------ Information shown
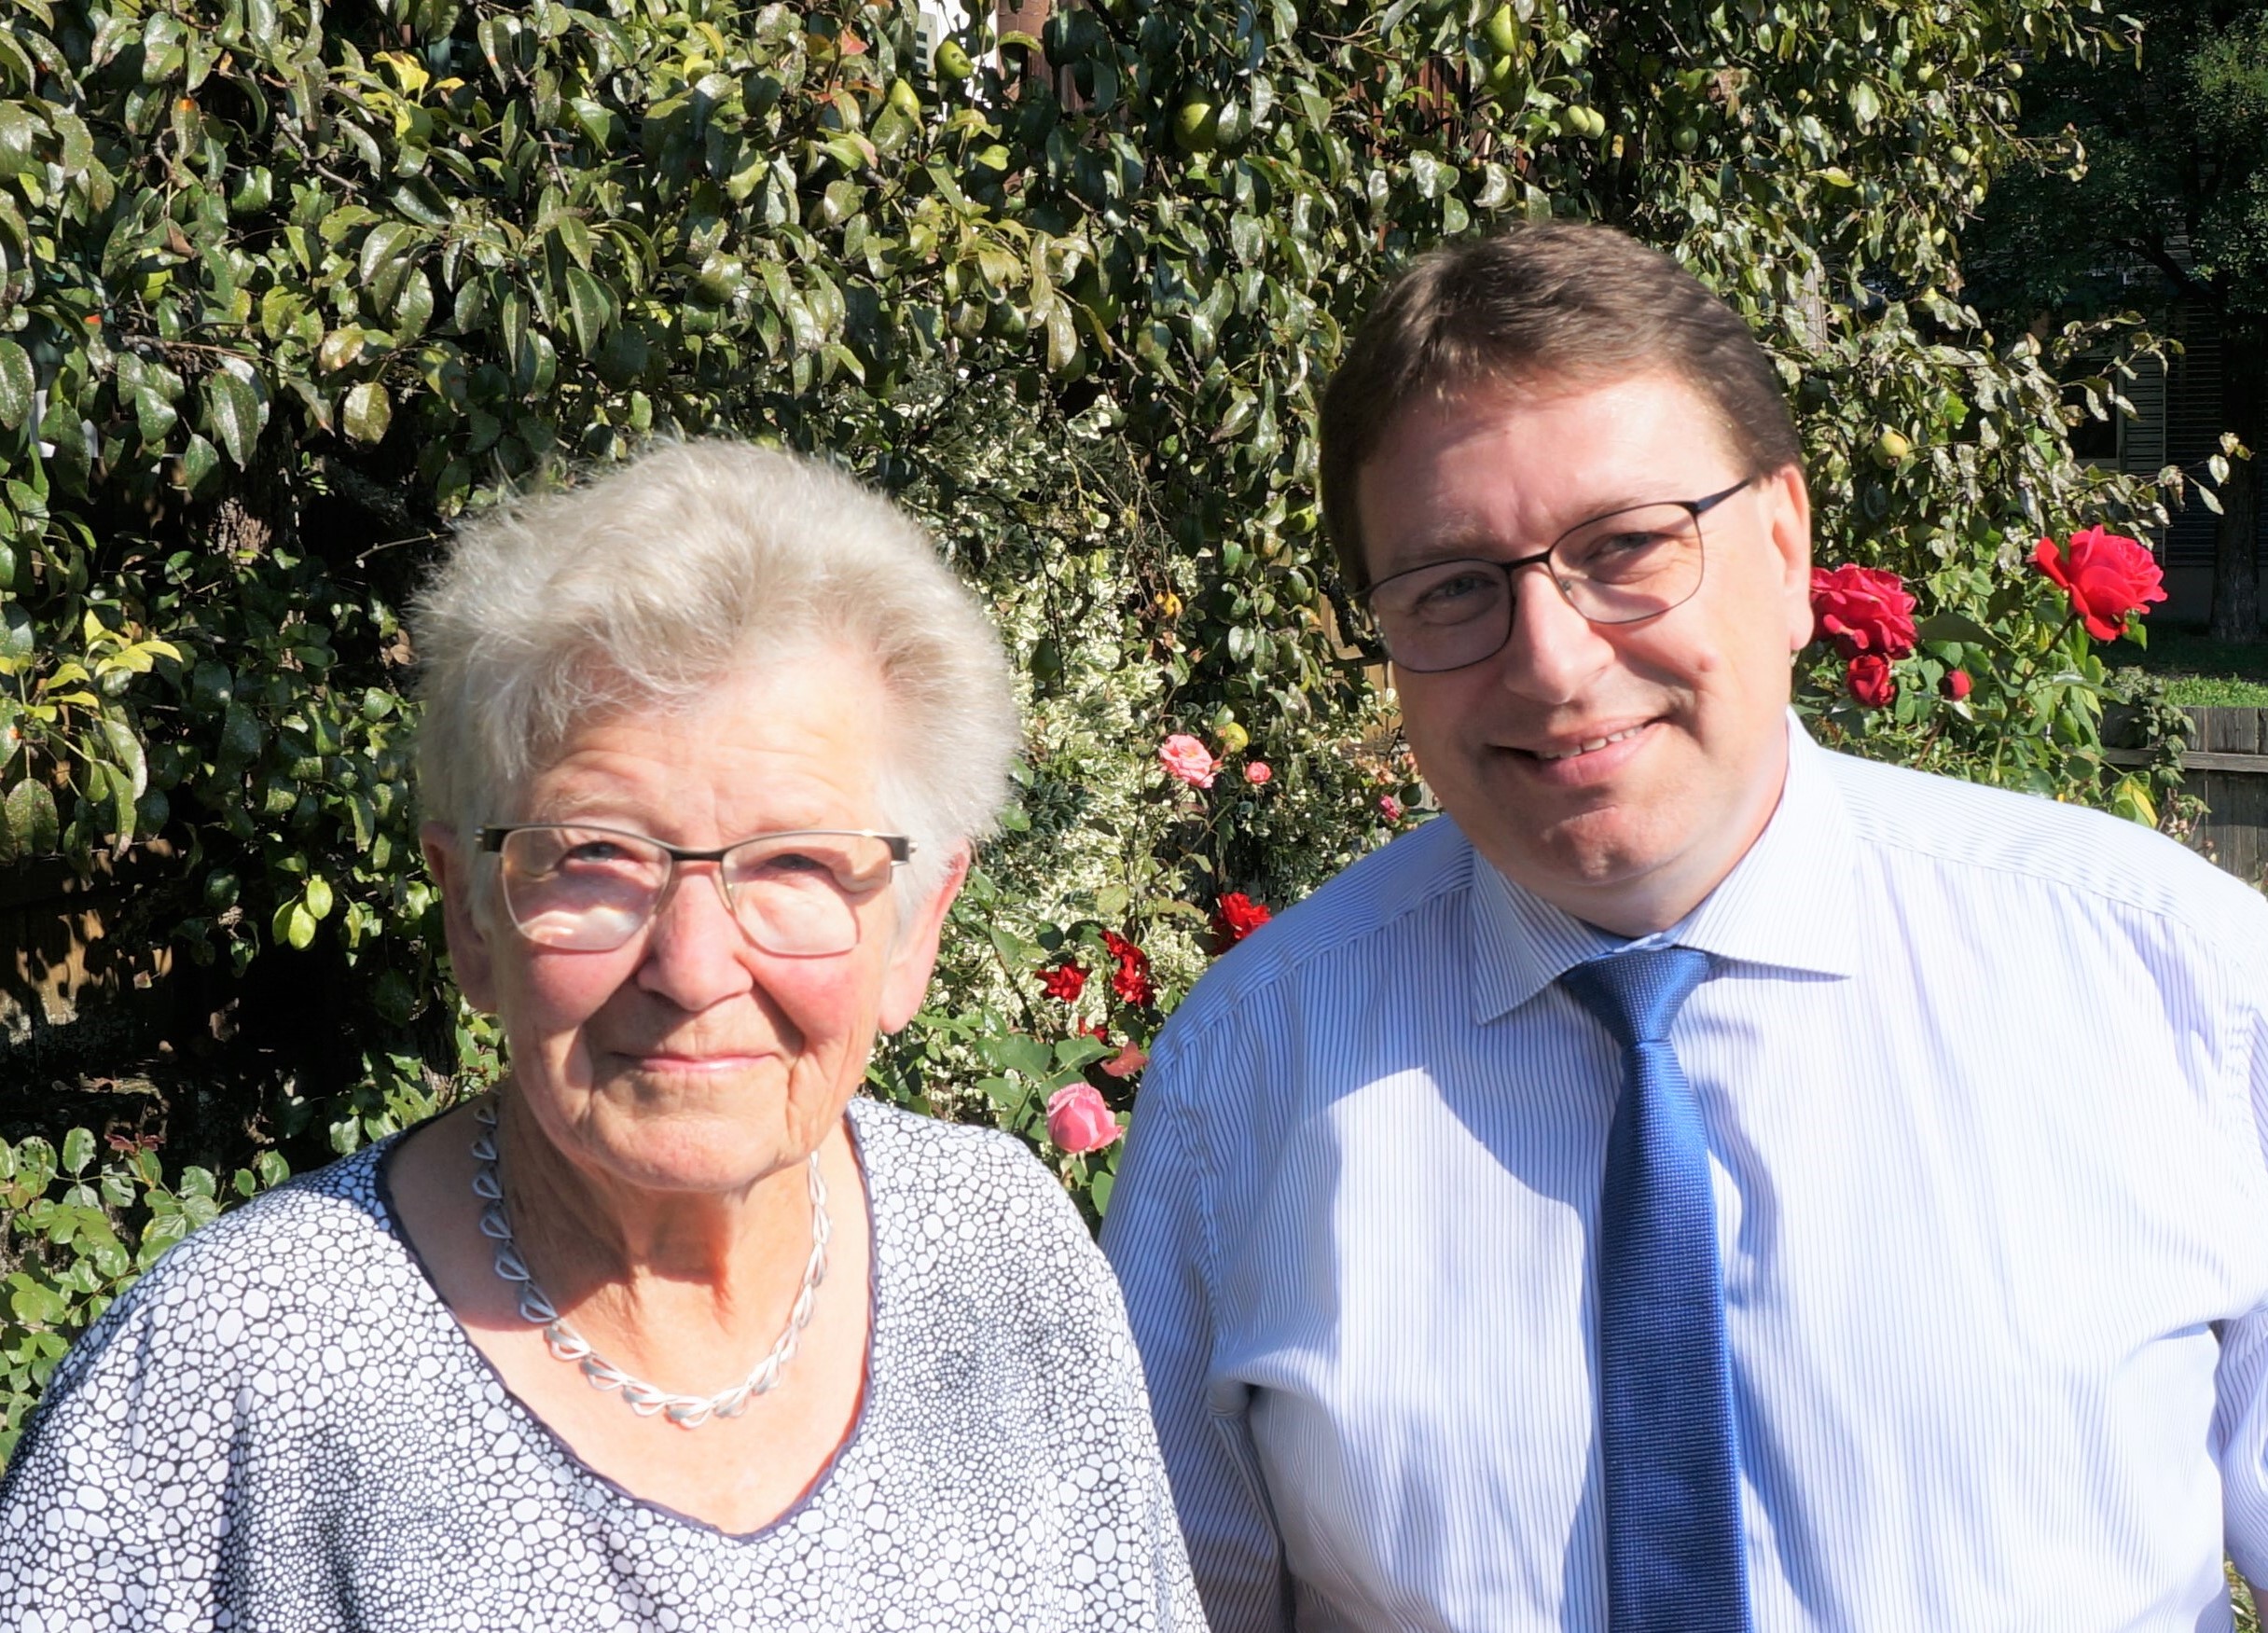 Am Samstag, 12. September 2020, durfte Frau Olga Krebs ihren 90. Geburtstag feiern.
Die Gemeindebehörden gratulieren herzlich dazu!
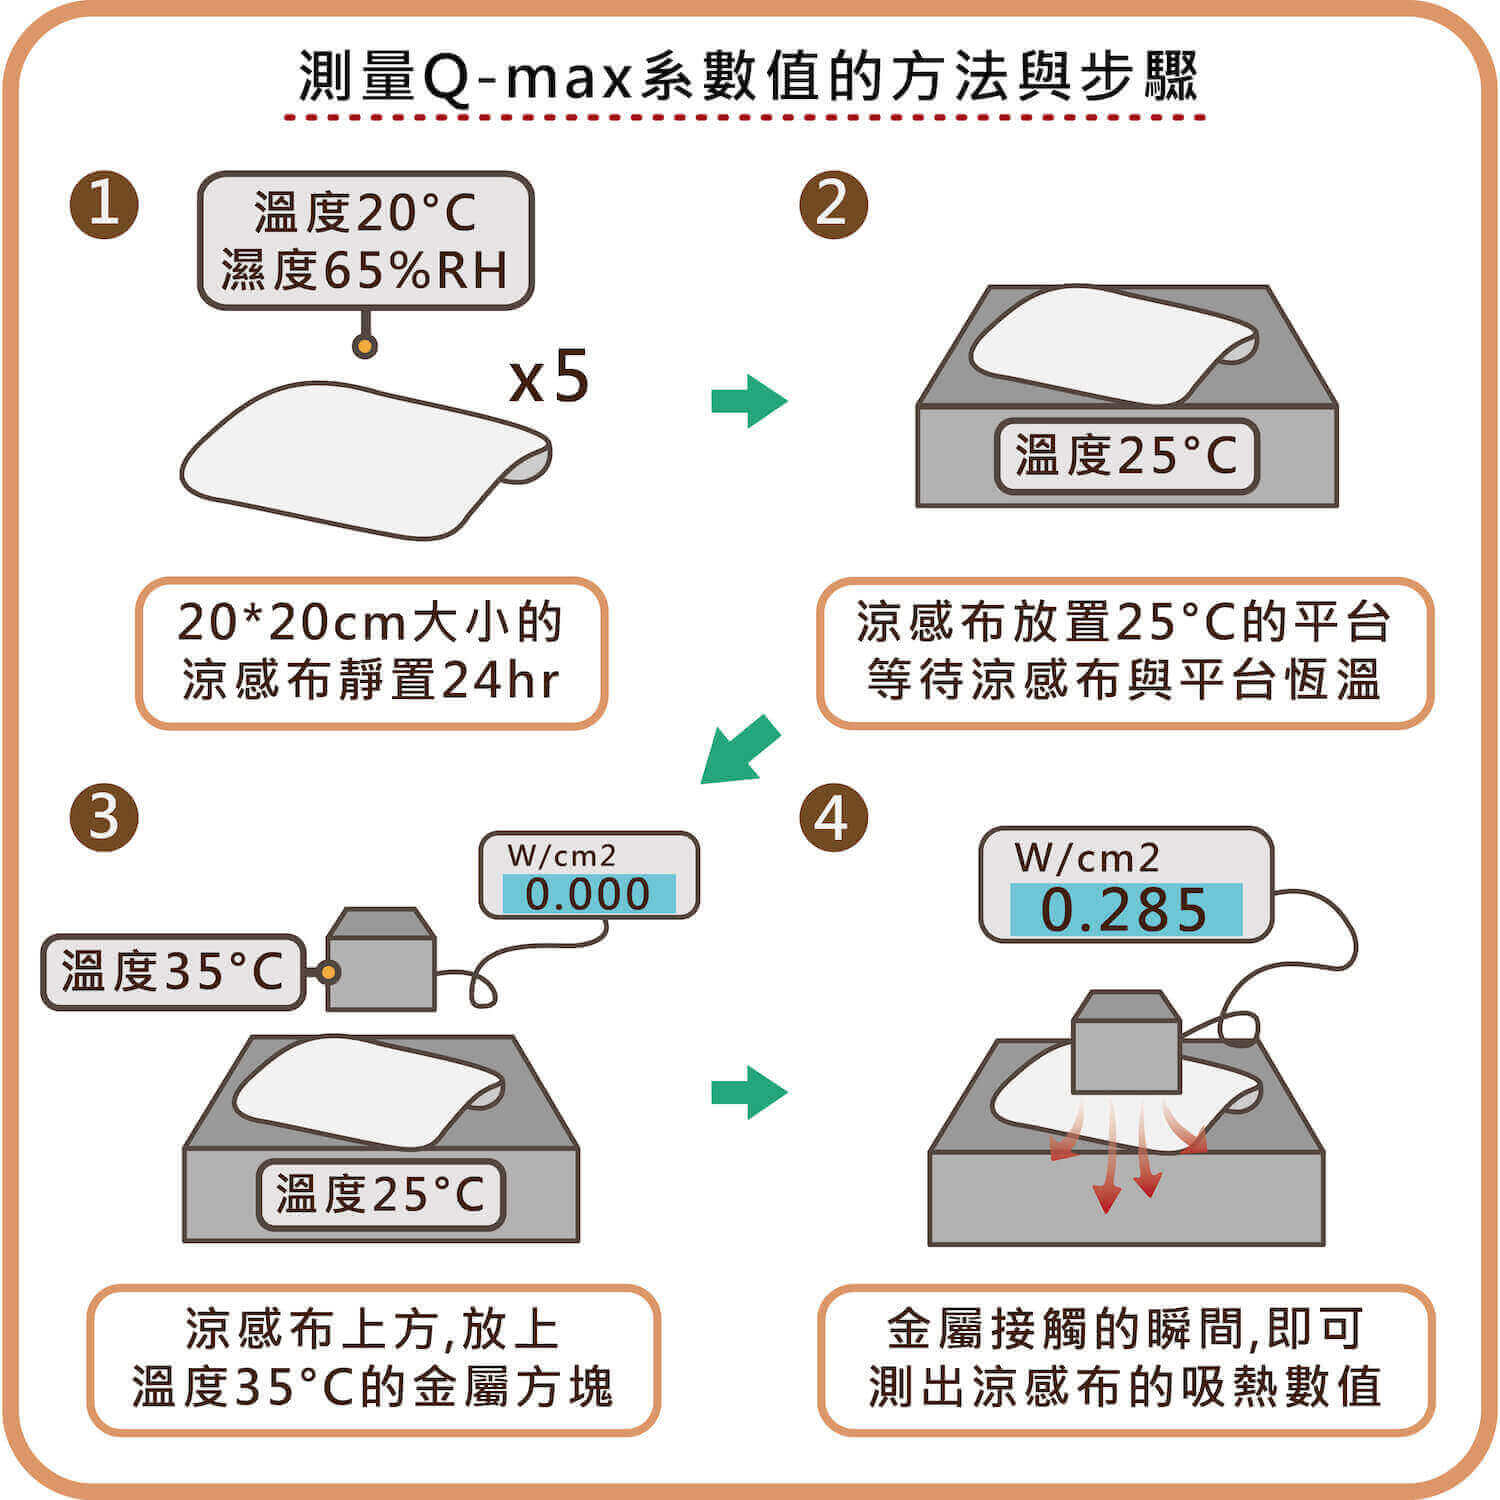 測量Qmax系數值的方法與步驟
------------
Problem to work on:
Once the line containing "Die Gemeindebehörden gratulieren" is found, write it out exactly along with every line after it through the end of the listing, excluding pictures.

Completed exercise:
Die Gemeindebehörden gratulieren herzlich dazu!
 測量Qmax系數值的方法與步驟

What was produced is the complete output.